Newspaper Help-Wanted Ads Decline to Historic Low


Newspaper Help-Wanted Ads Decline to Historic Low
Image by Will Langley

Employee Marketing

Karen Albritton
President

09.09.2008

The other part of the story is the migration of recruitment and job searching to online channels. Even when hiring picks up, don’t expect significant rebounds in newspaper help-wanted ads in the future. This is one more challenge for an industry struggling to define its future.

 Recruitment advertisers are getting smarter about how they find job candidates. The days of running a few ads in the industry trades or local newspapers to find your next hire are behind us.

Online talent acquisition presents many new ways to source candidates from a global talent pool.

 Niche job boards, social networking sites and online advertising can be more efficient ways to target qualified applicants. What’s more, tapping into online social networks allows employees to capitalize on peer referrals to find proven talent.

More Trouble for Newspaper Industry: In the Shadow of Services like Craigslist,
June Help-Wanted Ad Placements Dip to 49-Year Low (Study from reuters.com )

The number of help-wanted ads in U.S. newspapers fell in June to a 49-year low, a private research group said on Thursday. The Conference Board said its gauge measuring help-wanted ad volume was 26 in June, the lowest reading since July 1958, Reuters reports. It was 32 just a year earlier.

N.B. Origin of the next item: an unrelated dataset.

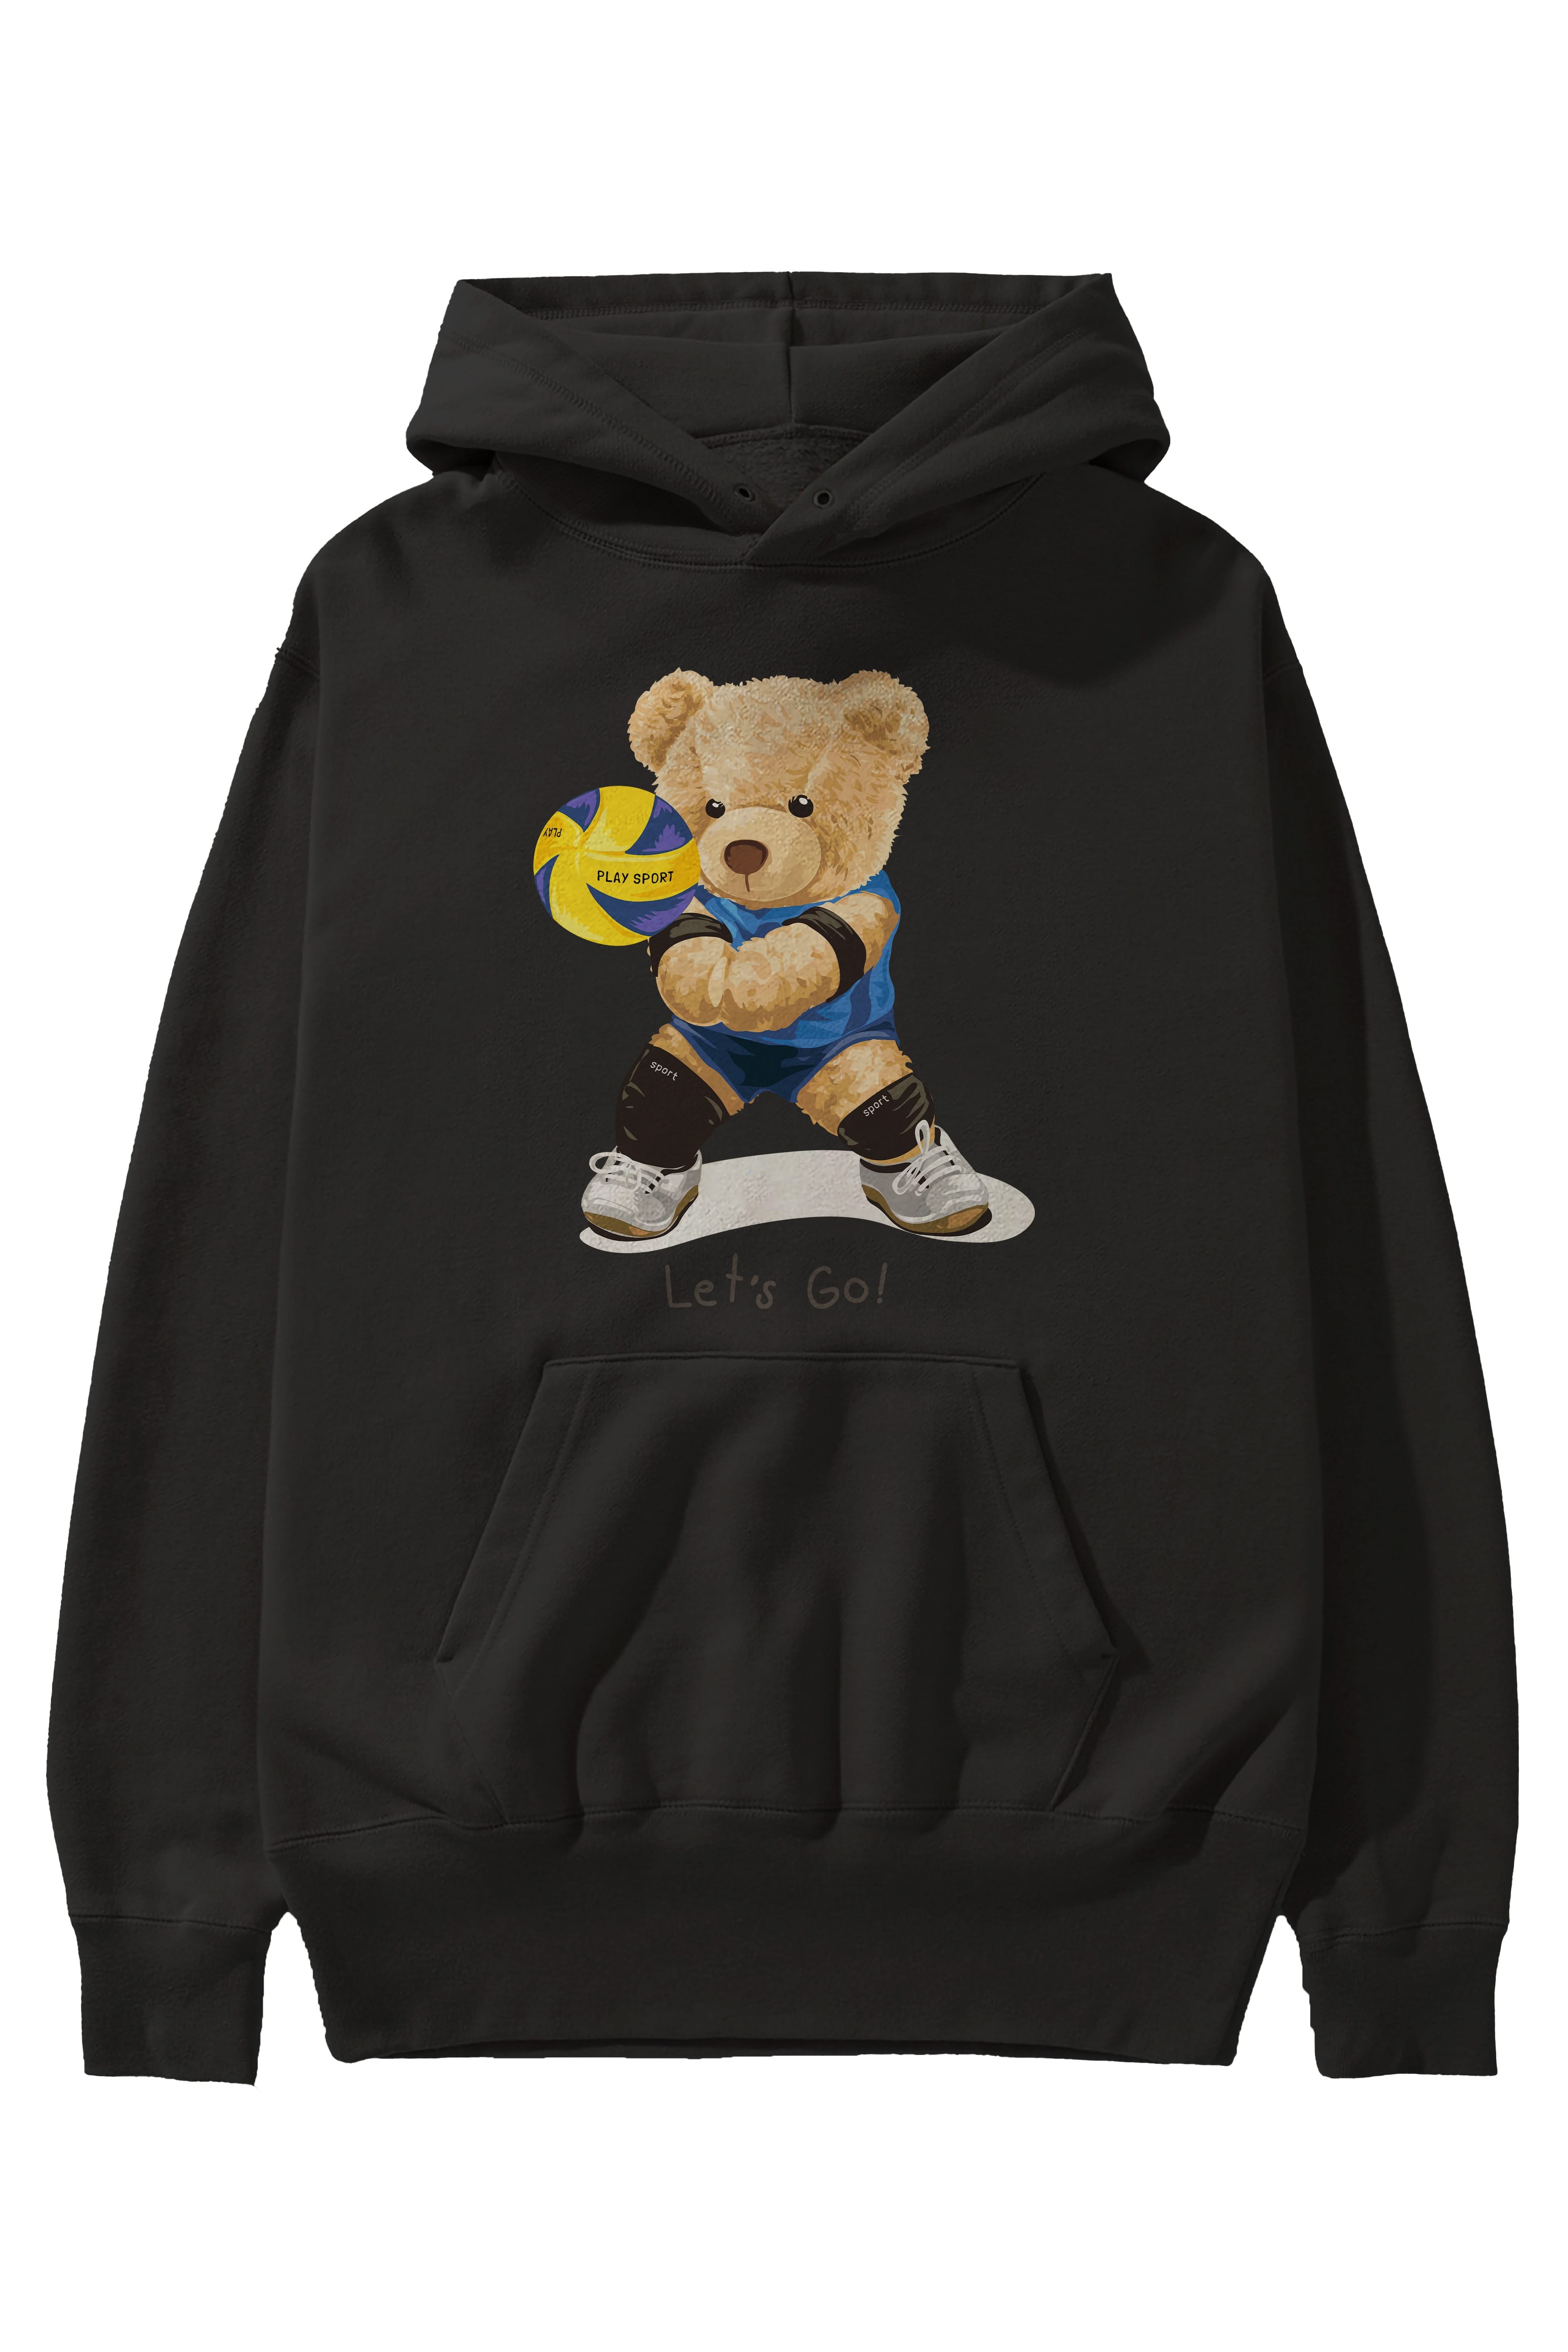 Teddy Bear Lets Go Ön Baskılı Hoodie Oversize Kapüşonlu Sweatshirt Erkek Kadın Unisex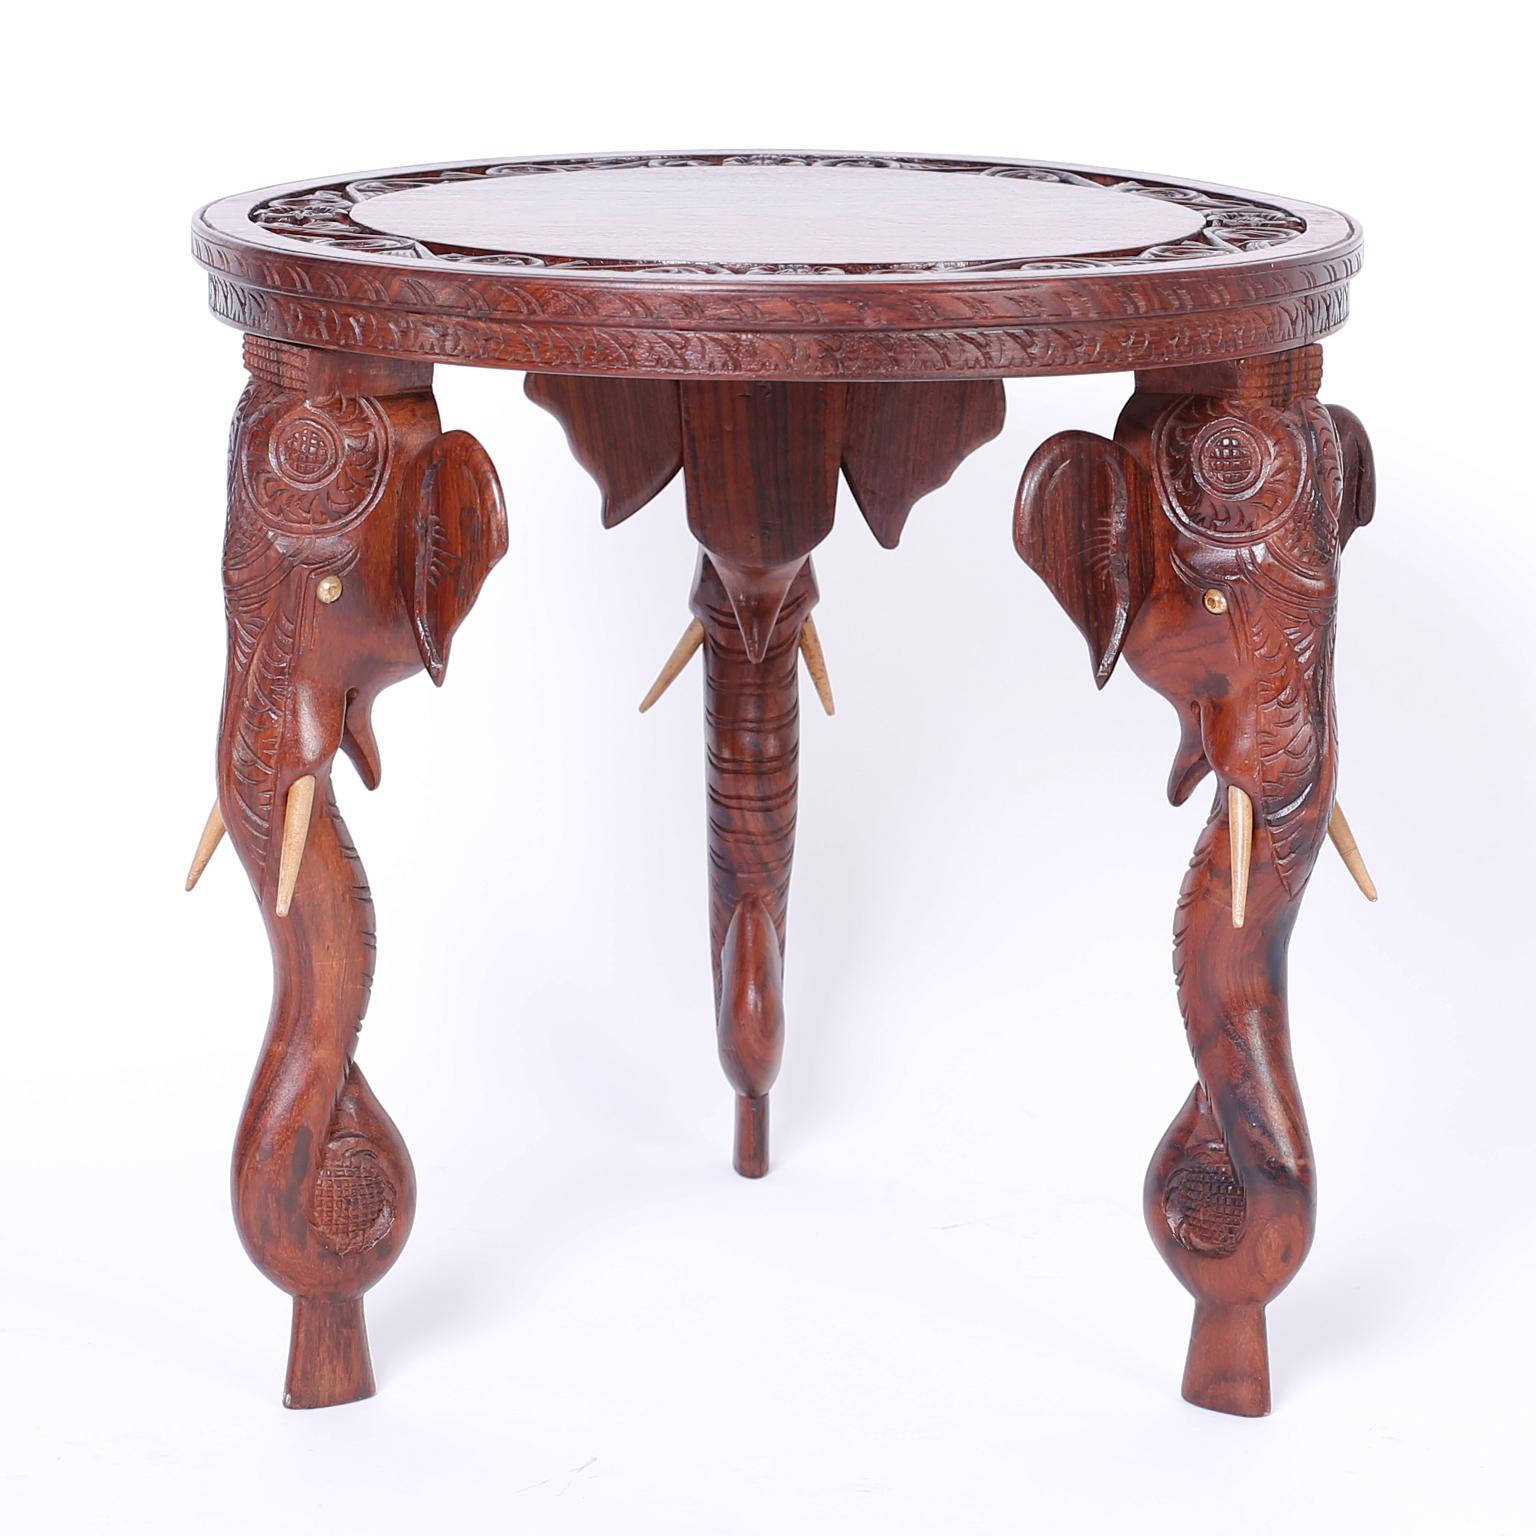 Exotisches Paar runder anglo-indischer Palisandertische mit geschnitzten Blumenbordüren auf den Tischplatten und drei geschnitzten Elefantenkopfbeinen mit Knochenstoßzähnen.

“There are signs that job advertising volume is edging a little lower, with very slight decreases in each of the past two months,” said Ken Goldstein, labor economist at the Conference Board, in a statement. “Business caution about near-term prospects for the economy, and perhaps for their own businesses, may lead to a little less hiring this autumn. Plus, the online business is mature enough in that this is where help-wanted ads originate and may never appear in newspapers.”



Total online job ads fell 2 percent in June, the Conference Board said. Goldstein suggested an already-tight labor market and worries about where the economy is headed contributed.


Newspaper help-wanted ads were down in all nine of the board’s regions in the last three months, with the largest fall, 24.6 percent, in the Pacific, the Conference Board said.



The research firm surveys help-wanted ad volume at 51 newspapers across the country each month.